I found this repo linked: https://github.com/magiblot/tvision

danparsonson•1mo ago
Yeah what a joyful blast from the past! I love that whole aesthetic; the best of the DOS days IMO.
badsectoracula•1mo ago
FWIW Free Vision that comes with Free Pascal is also updated and is also based on the original Turbo Vision that Borland released under public domain back in the 90s. Free Vision is used for the text-mode IDE that comes with Free Pascal and is ported to almost much every supported platform.
fuzztester•1mo ago
And the Free Pascal TUI IDE is lightning fast.
michaelsbradley•1mo ago
Also check out Final Cut

https://github.com/gansm/finalcut

> FINAL CUT is a powerful and lightweight C++ library for creating terminal-based applications with numerous text-based widgets.

Squarex•1mo ago
it's cool, but the name sucks when there is final cut pro
michaelsbradley•1mo ago
Well, as the author says in the FAQ, he's been using the name Final Cut since 1991, whereas the famous video editing software appeared in 1999. Now, given how well-known the latter became, a name change would certainly be reasonable if he wanted to avoid confusion, improve find-ability in web search, etc. But, I get the impression that's not among his priorities, and it's his project, so...
mixmastamyk•1mo ago
Wow, even better looking than TV, using the full power of Unicode and a custom font. Always new it was possible but haven’t seen it done yet.

Reminds me a bit of the later versions of the old Norton DOS utils.

mixmastamyk•1mo ago
^knew
actionfromafar•1mo ago
Terminal.GUI v2 is very promising and a delight. But documentation was not 100% there last I used it this summer.

There was always this nagging doubt - is it buggy or don't I understand how to use it? In the end, I finished my little internal tool and was happy with it. Would try again.

vintagedave•1mo ago
I had exactly the same problem. I ended up getting a copy of its source and pointing Claude at it, which insisted there were bugs - but, its fixes were not reliable, and I wasn't even sure if its assessments were correct, or the docs were wrong or out of date, or I was simply misusing it and misleading the AI through those expectations.

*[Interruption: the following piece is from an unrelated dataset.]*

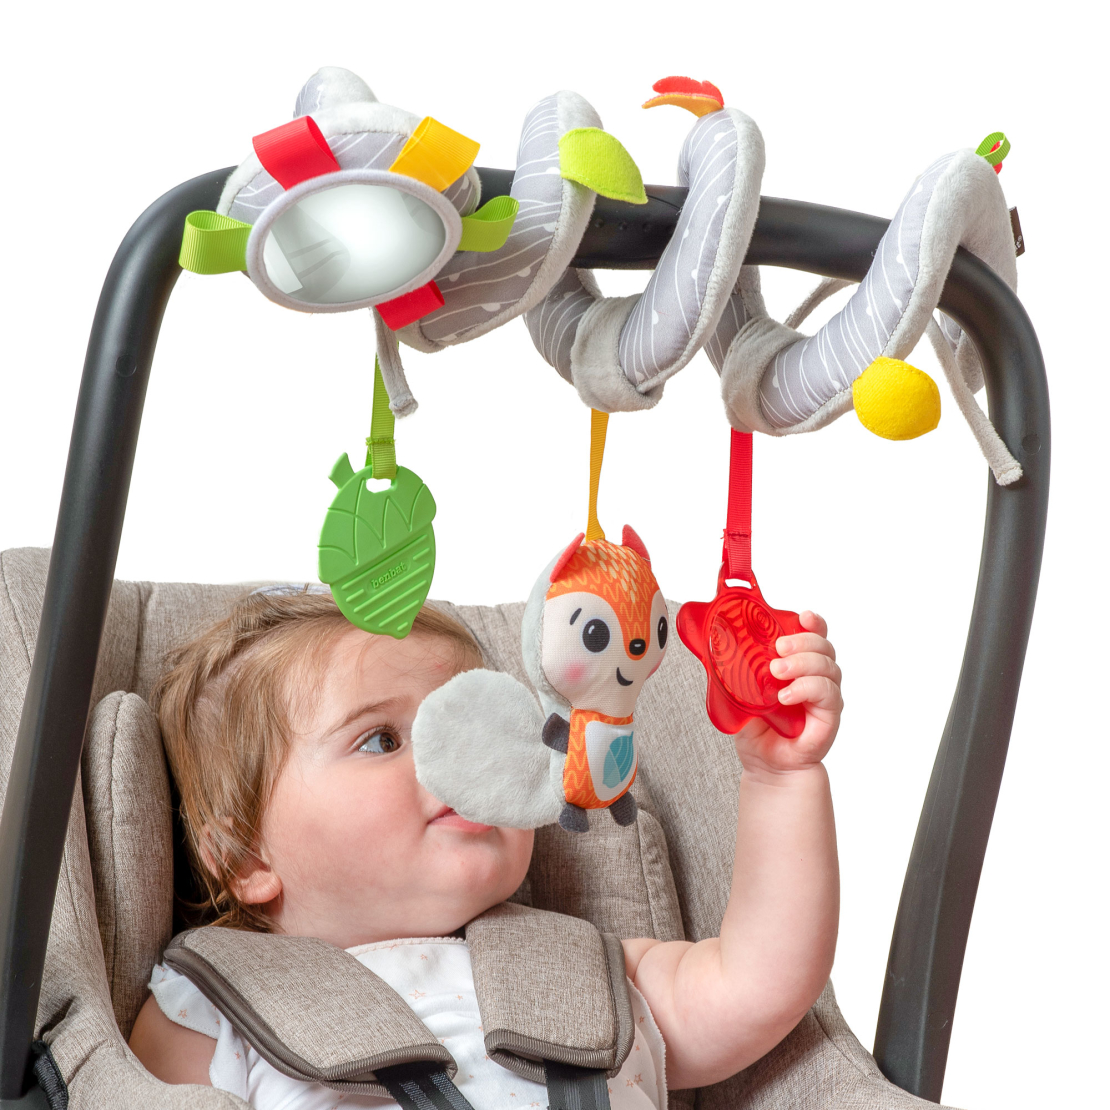 11# - אושר רך ומלטף לבת : מתנה רכה המכילה קופסת צעצועים, שמיכה, מגבת, חיתולי טטרה, ספירלה לעגלה/ סלקל

The docs point so strongly at using v2 instead of v1, but I just don't get the sense it's reliable, and I feel 'stuck' for a good Terminal UI library for .Net now.

actionfromafar•1mo ago
I don't think there is a perfect fit, unfortunately. The best one can do is probably call out to one of the native code libraries, but that has an impractical distribution story in .Net for many use cases.
esafak•1mo ago
The best of DOS, such as it was.
raphinou•1mo ago
Are there any bindings for other languages than cpp?
outofpaper•1mo ago
How does usage compare to the old TWIN? https://github.com/cosmos72/twin
jrm4•1mo ago
"Yo dawg.."

Or is that finally a lost to time meme? :)

kevin_thibedeau•1mo ago
Was that the wrapper T-Mux?
smusamashah•1mo ago
This immediately looked like vtm https://github.com/directvt/vtm

I don't know much about terminals but VTM was fun to play around. You could `ssh vtm@netxs.online` (now dead URL) and play around with dragable windows.

kazinator•1mo ago
screen and tmux are also terminal emulators that run in the terminal.
pjmlp•1mo ago
Turbo Vision as introduced in Turbo Pascal 6 (C++ version came later), was a great way to learn OOP on MS-DOS, the other being Clipper 5.

Besides a nice OOP architecture, collections, iteration with callbacks, serialization, in a nice AOT compiled language with blazing compile times.

Kind of tragic what we could get in 1992, in 640 KB, in a single tasking operating systems, and how bad so many "modern" frameworks happen to be by comparison, regarding the whole development experience.